Here's an example of targeting variables in practice ... I am predicting the annual probability of a customer purchasing from weighted category 11.
It's a logistic regression equation:
- Logit = -1.851 + 0.018*(weighted category 10 / 1000) + 0.051*(weighted category 11 / 1000) + 0.006*(weighted category 13).
- Annual Response = EXP(Logit) / (1 + EXP(Logit)).
Ok, enough of the geeky stuff.
Let's say you wanted to populate your email campaign with the four most likely categories, sort of like what you see below:
You go into your predictions at a category level:
- Category 01 = 38%.
- Category 02 = 19%.
- Category 03 = 77%.
- Category 04 = 2%.
- Category 05 = 4%.
- Category 06 = 6%.
- Category 07 = 27%.
- Category 08 = 1%.
- Category 09 = 3%.
- Category 10 = 18%.
- Category 11 = 9%.
- Category 12 = 5%.
- Category 13 = 11%.
Clearly, this customer is likely to buy from categories 03 / 01 / 07 / 02, with category 10 a close fifth.
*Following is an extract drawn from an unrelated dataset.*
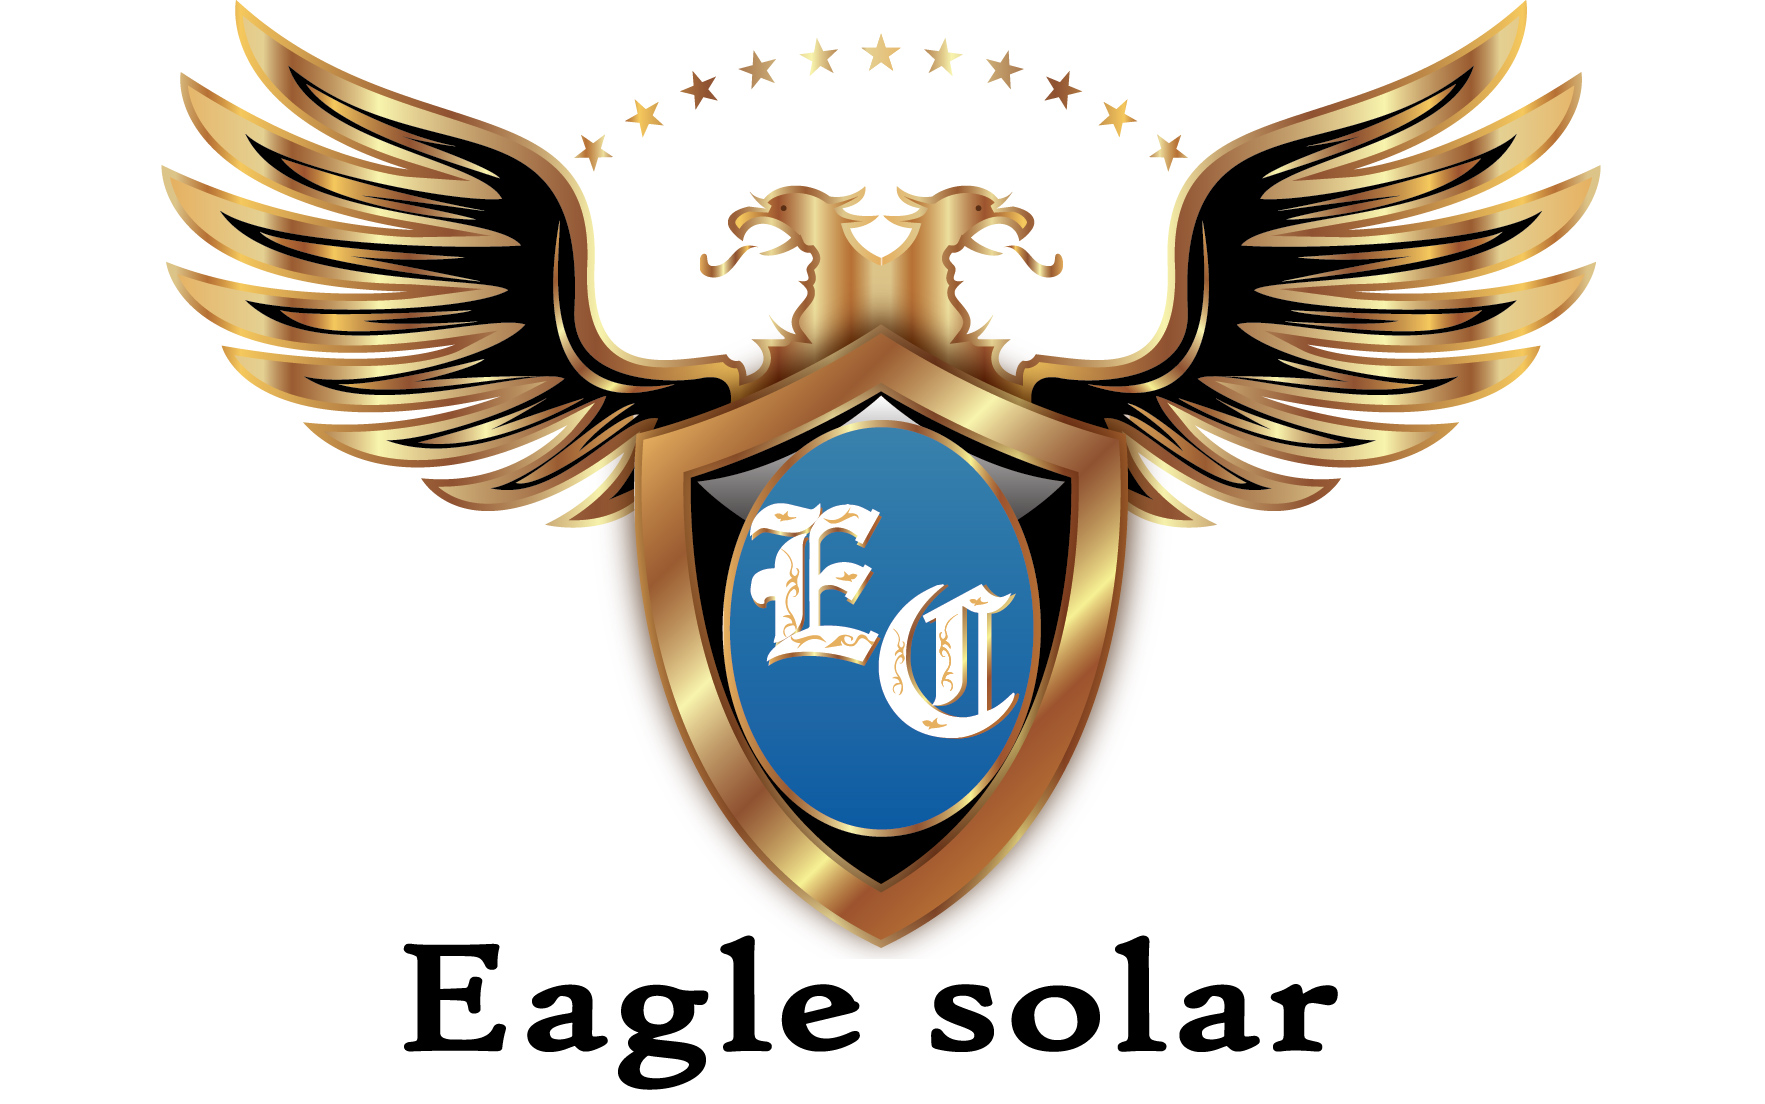 Eagle solar : Brand Short Description Type Here.

Pick an item from these categories, populate your email campaign, and send customers to an appropriate landing page.
You can update your scores on a hourly / daily / weekly basis, whatever works for you. Work with your email service provider to populate based on category scores, and you've just improved the productivity of your email campaigns by 20%!
And if you are a catalog marketer, this is how you are going to paginate your personalized merchandise assortment in future catalogs.
Yes - use whatever modeling methodology you like - you don't have to copy my logistic regression structure using weighted variables - use whatever tactic you like.